屋外ステージを見下ろす大階段に座りながら、矢井田瞳(ヤイコ)を最初に聴いたのはいつだったけなと考えていた。いちばん好きだったのは中学生の頃で、小遣いをはたいたり誕生日プレゼントにリクエストしたりしてアルバムを入手して聴いていた。けれど数年が経って全く聴かなくなってしまったので、最近の曲は全く知らない。この日はたまたま近くでヤイコがフリーライブをやるという噂を聞いたので観覧席に来てみたのだけれど、どこか落ち着かない。

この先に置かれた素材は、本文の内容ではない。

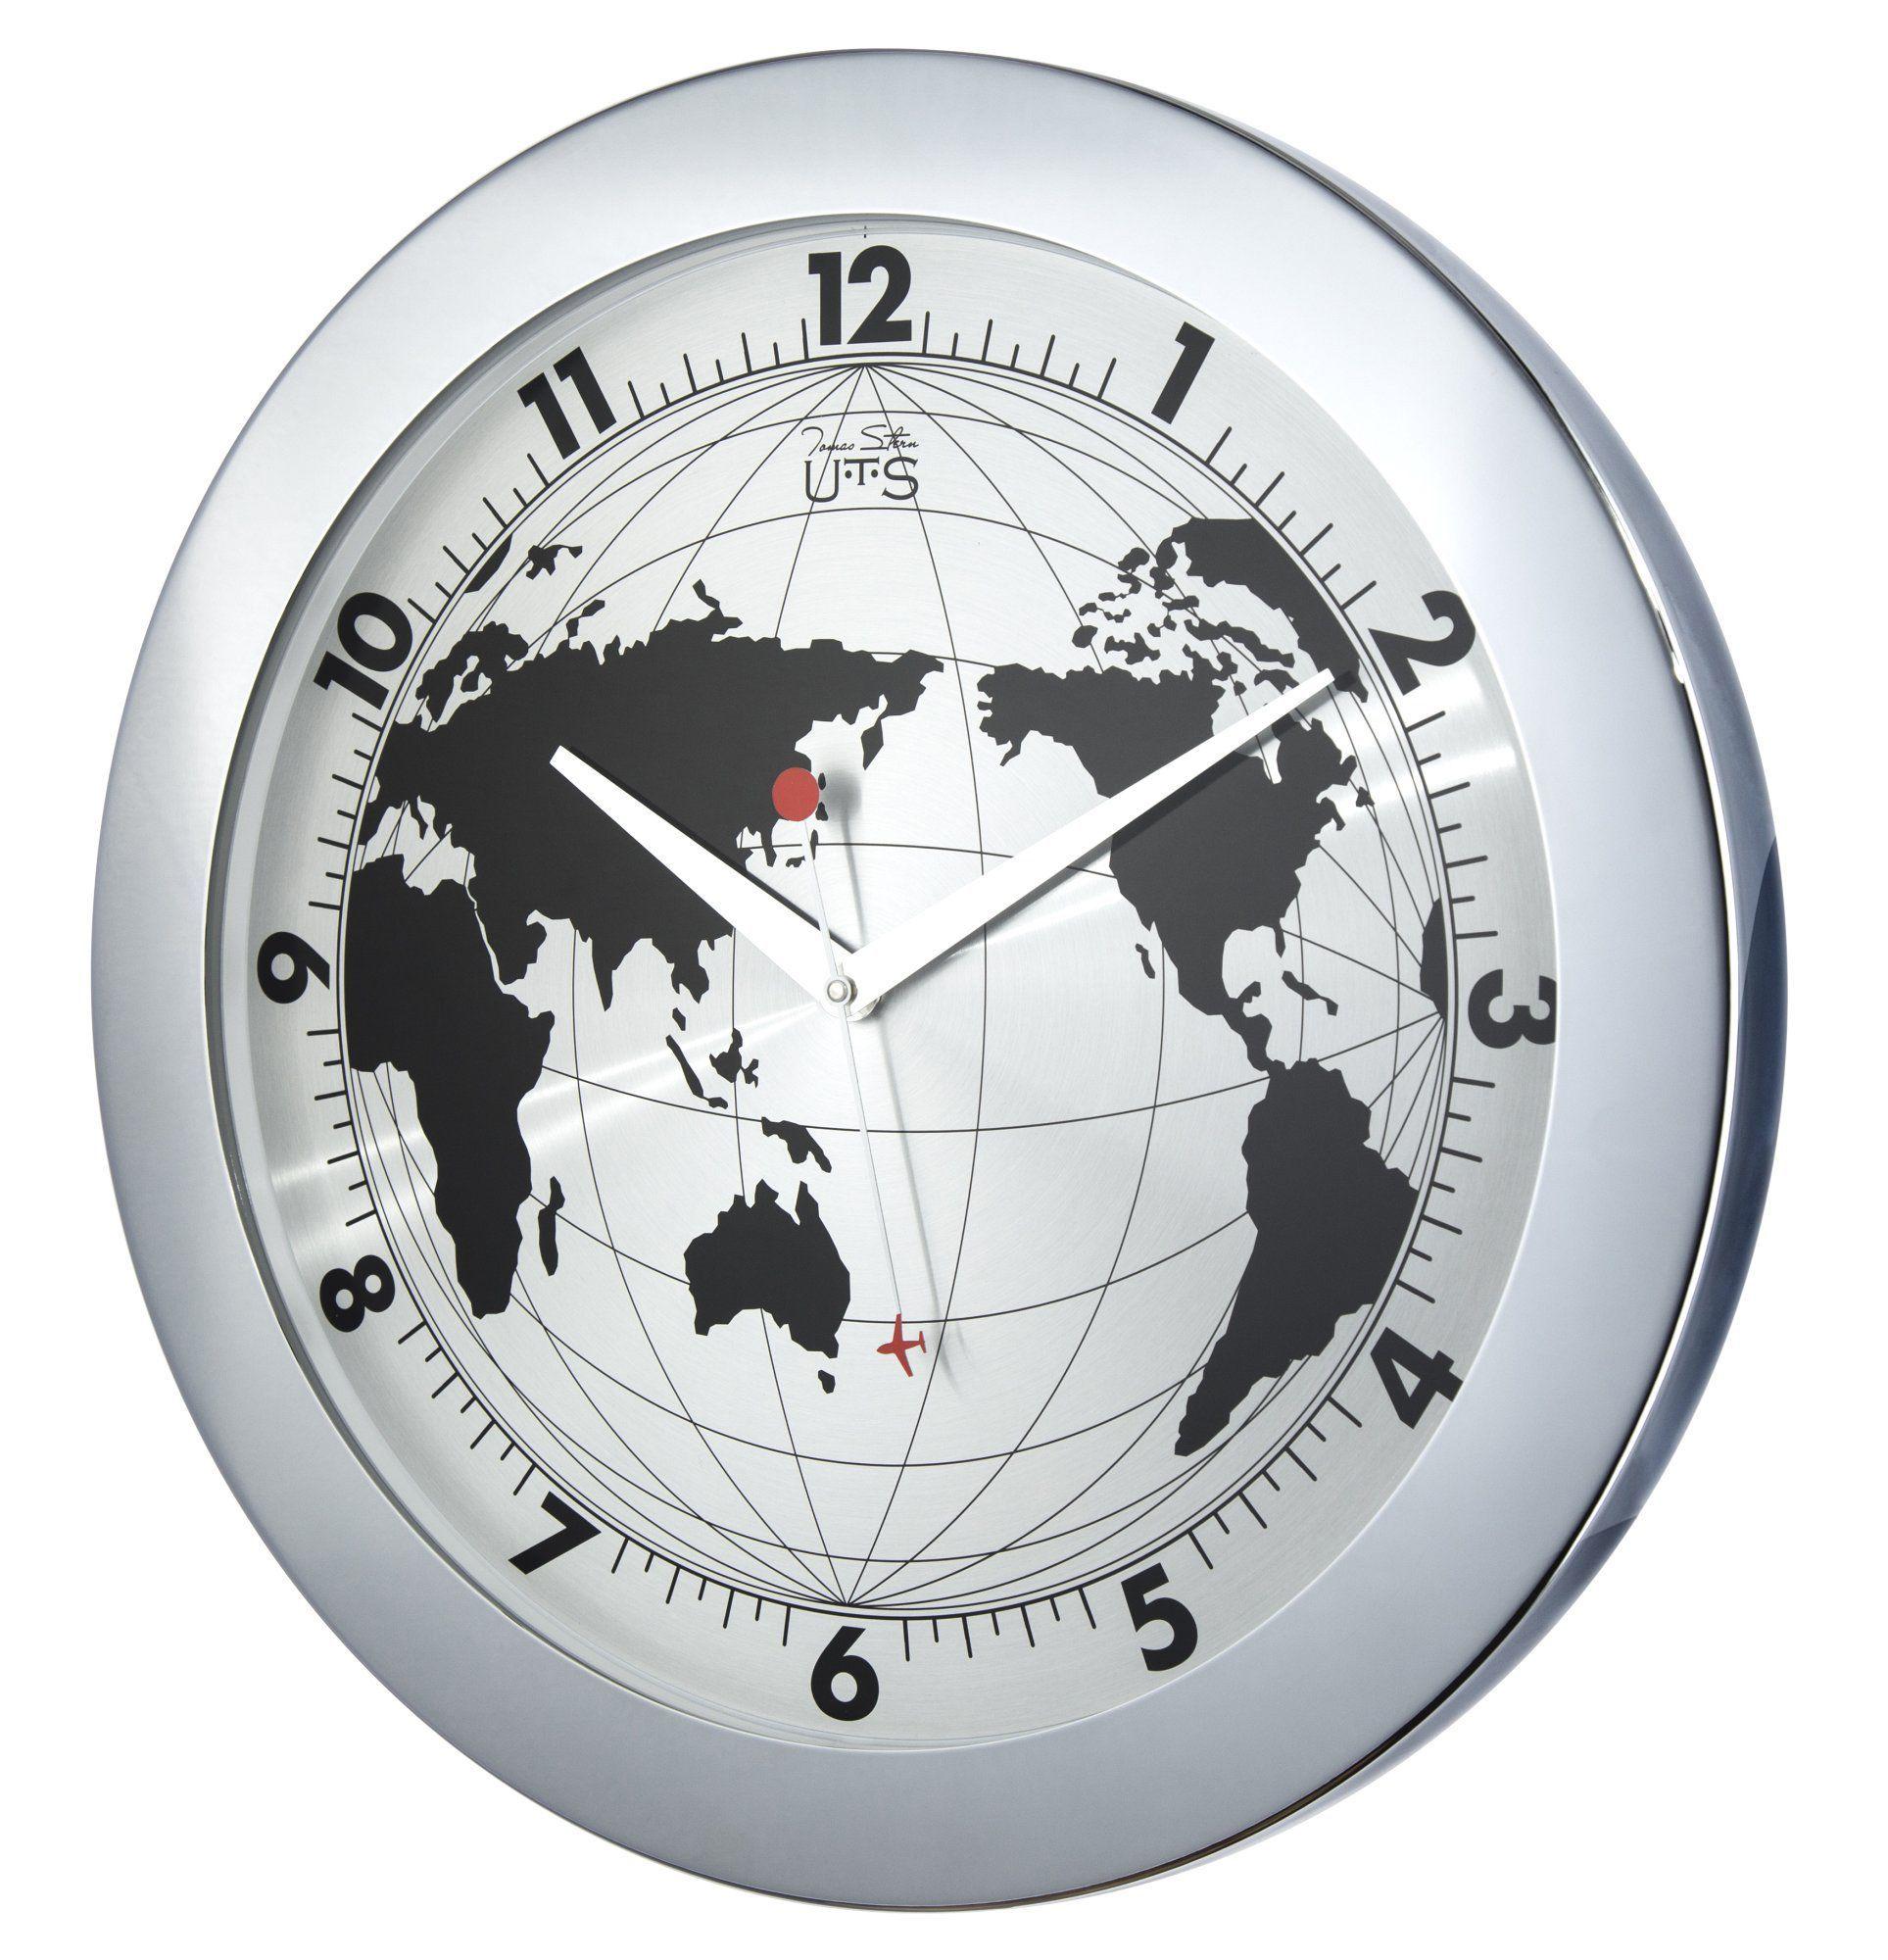 Часы настенные Часы настенные Tomas Stern 4001S chasy-nastennye-tomas-stern-4001s-germaniya-tayvan.jpg
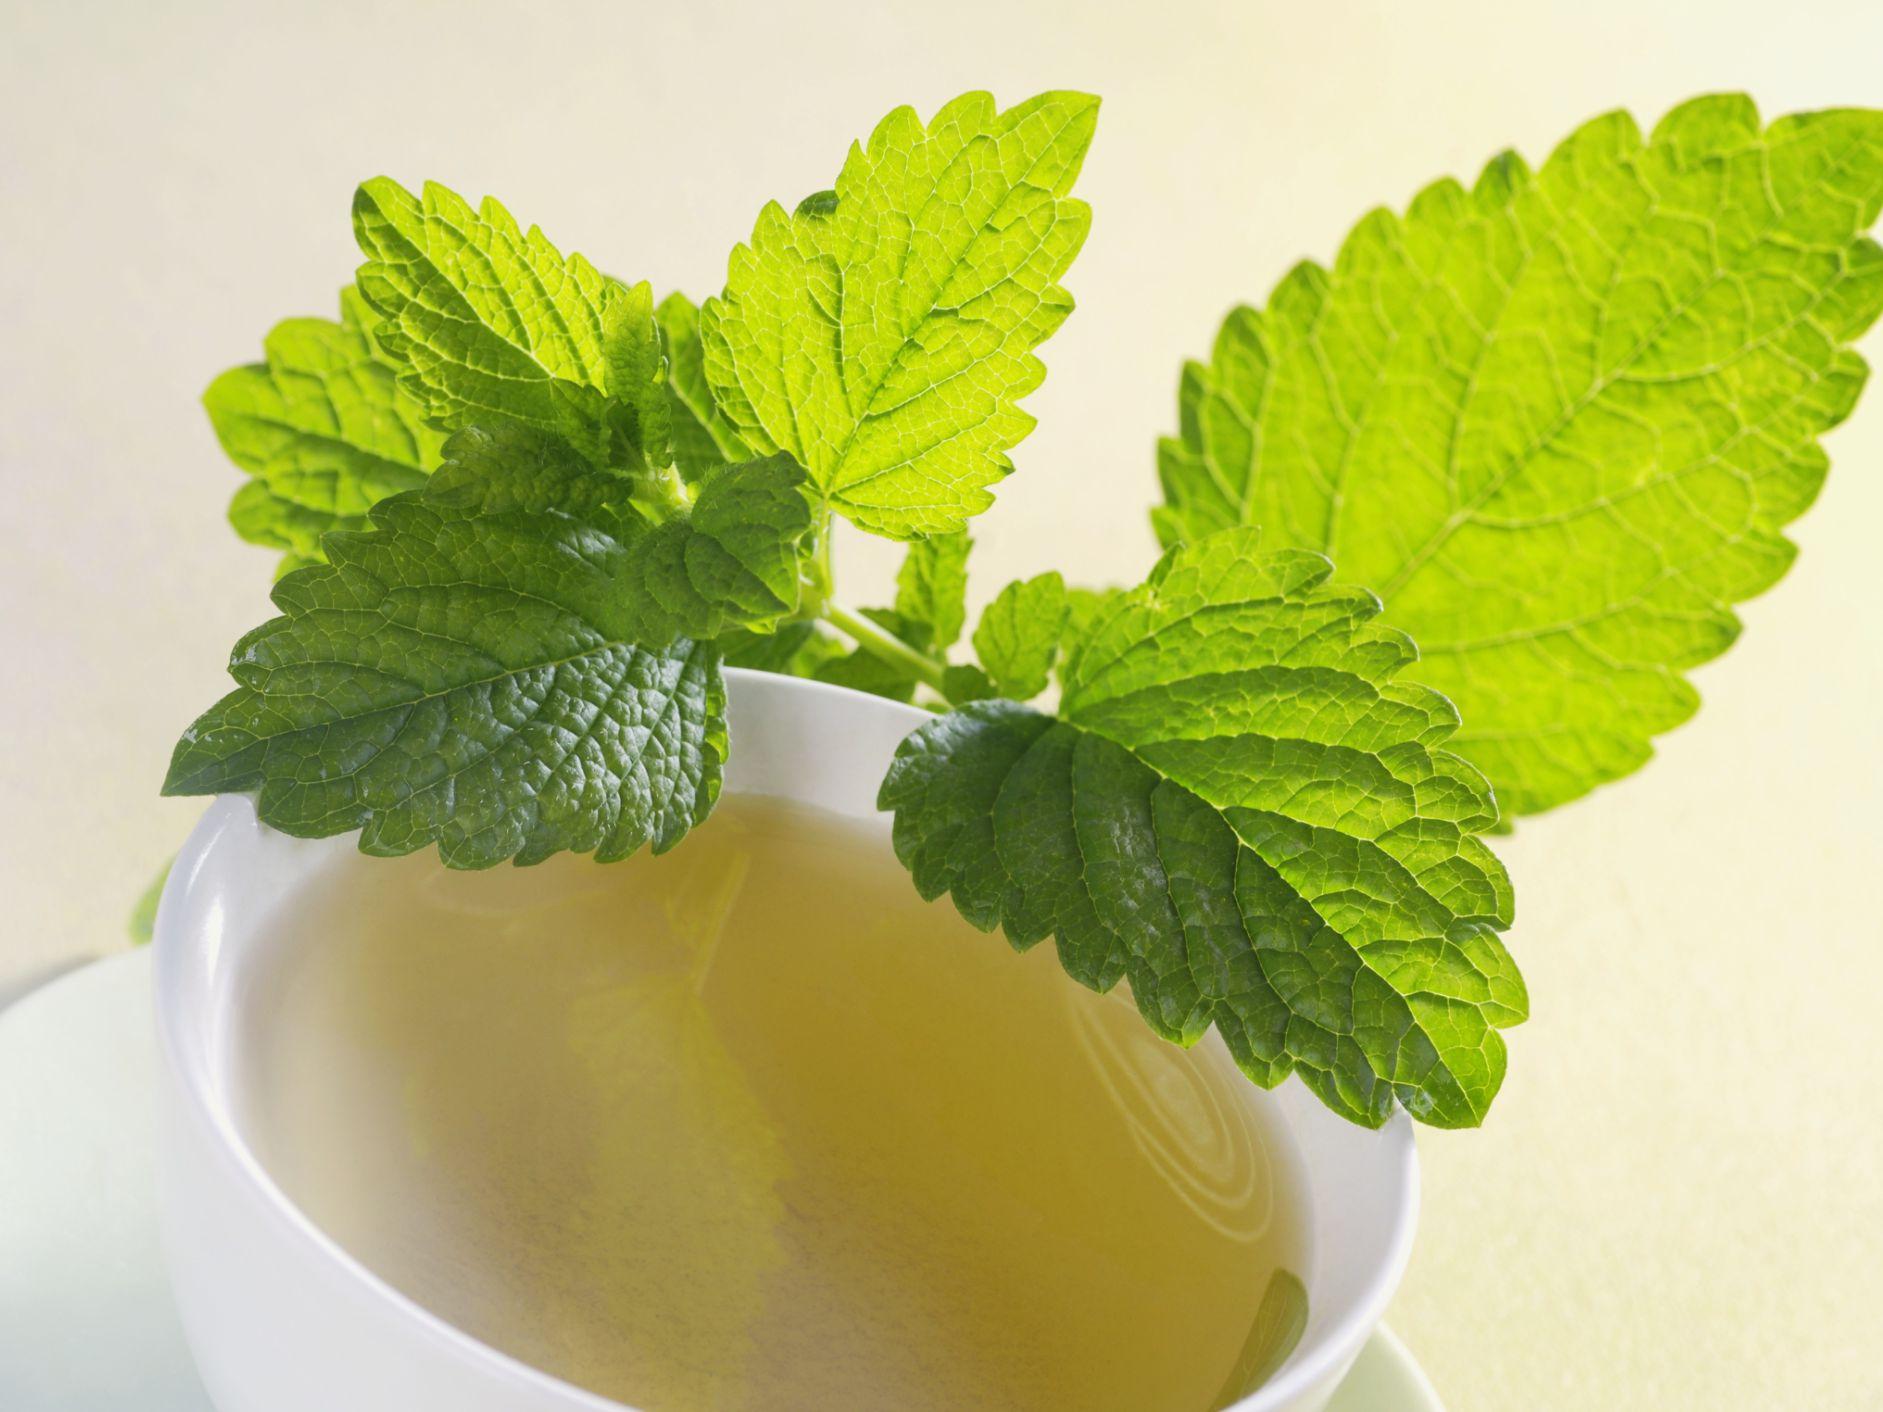 beneficios de la planta medicinal toronjil

「ヤイコを好きになったきっかけ」を思い出せないうちに本人が登場した。現れたヤイコは思ったより小さかった。よく「芸能人は大きく見える」と言われるけれど、本当にそうだ。前に街で偶然見かけたハイヒールリンゴがめちゃめちゃ小柄で驚いたことを思い出した。イベントはトーク中心で、ライブは1曲しかやらなかった。少なくとも2〜3曲はやるかな…という予想は外れた。この日は夜に有料のライブ出演が控えていたようなので、まあよく考えたら当たり前といえば当たり前だ。

ライブでは何の曲をやるんだろう、新曲だと分からないし昔の曲だといいな、でも昔の曲とかやられたら泣いてしまうかもしれない…と思っていたら昔の曲をやってくれた。けれど泣きはしなかった。曲が始まったらうわ〜ヤイコの生声だ、力あるなあ歌声伸びるなあと思って感動したのだけど、気がついたら昔の自分のCD視聴体験を後追いしている感じになってしまった。今目の前で行われているパフォーマンスを味わうというよりも、脳内で再生される曲の答え合わせをしているような感じ。無意識下で「この曲のこの瞬間で鳥肌が立つはずだ」みたいな感覚がよぎっている。けれど期待した反応が「そのまま」起こることはない。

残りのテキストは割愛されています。